Notwithstanding such stories, oftentimes, at the end of the day belief is arbitrarily given, authority is an empty mirage, and rituals are exercises in duplicity. The whole structure is a self-sustaining circular loop that collapses when it is examined critically.
The Dark Side of Ritual
One difficulty with medical rituals is that, despite a practitioner's best intentions, they can easily morph into supporting the prevailing medical consensus. For example, some researchers have argued that physicians should spend more time with patients, although that time is spent doing relatively useless things. 17 While such an approach certainly constitutes ritual, time-consuming listening in a conventional setting can easily foster codependency, which, in the long run, simply bolsters conventional therapeutic power dynamics.
Rituals that foster codependency imprison patients rather than empower them—a point that is easy to forget, no matter what kind of medicine one practices. The bottom line is this: It is not good to use acupuncture to regress patients to a prescientific mythical/magical worldview. Nor is there any particular advantage to using acupuncture as a substitute for drugs in the context of a scientific rationalism. Neither approach deals with projected power.

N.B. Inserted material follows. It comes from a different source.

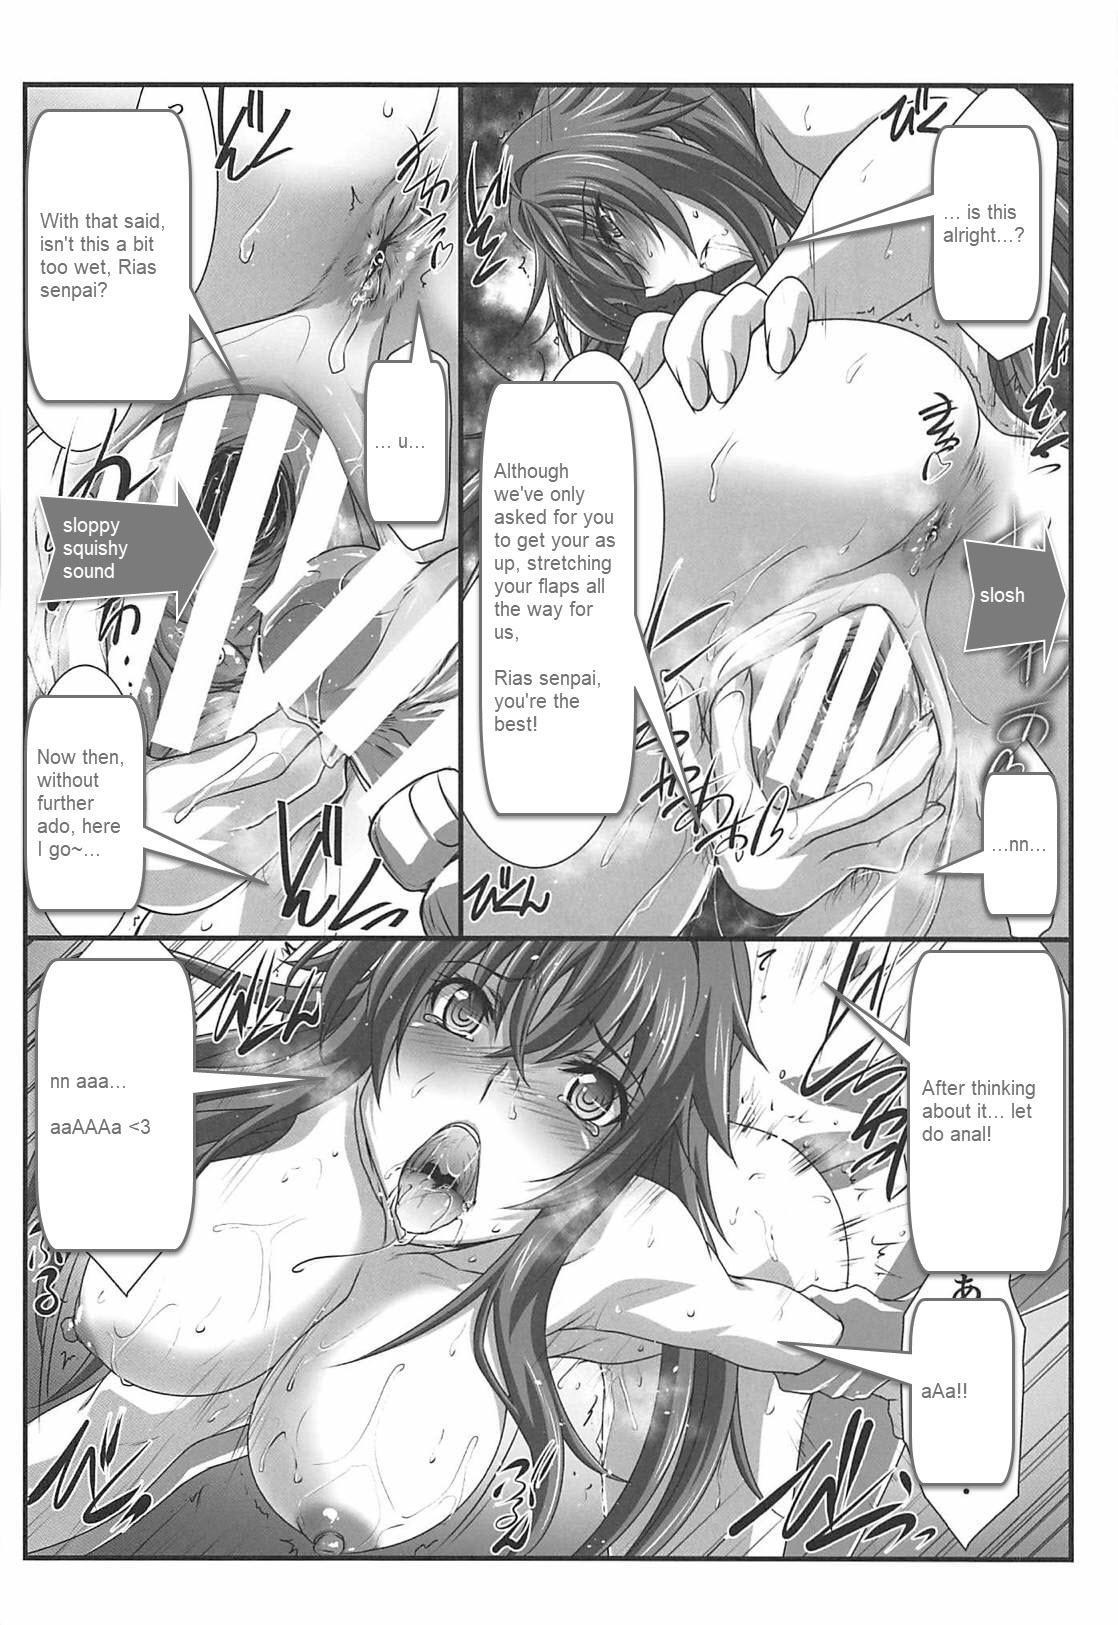 Office Fuck SPIRAL ZONE DxD II - Highschool dxd Pervs - Page 11

Deconstructing the Acupuncture Ritual
Before building a new paradigm, it is first necessary to deconstruct the old one. In that regard there are six relevant concepts, with respect to acupuncture, as discussed in the sections below.
Intention and Context
One way to start involves disabusing patients of any naïve beliefs concerning authority figures and acupuncture mystique. This can be accomplished by bringing to their awareness the two factors of intention and context. Intention refers to the directional vector of patients' relationships to their symptoms—that is, is whether the patients' goals are to eradicate or to embrace. The latter is the evident preference but must be facilitated through context. Context refers to the environment in which the acupuncture is practiced. Ideally, this environment should be one in which all blocks to the free movement of Qi have been removed. These concepts have been discussed in more detail elsewhere. 18
Field merging
Field merging diminishes the role of projected power by creating a transpersonal dyad (Fig. 2). Merging arises from rapport—not from point protocols—and is best accomplished by dropping the professional mask and being oneself. Although this may seem to contradict training and protocol, it is precisely training and protocol that gives rise to the power dynamics and ritual that one wants to deconstruct.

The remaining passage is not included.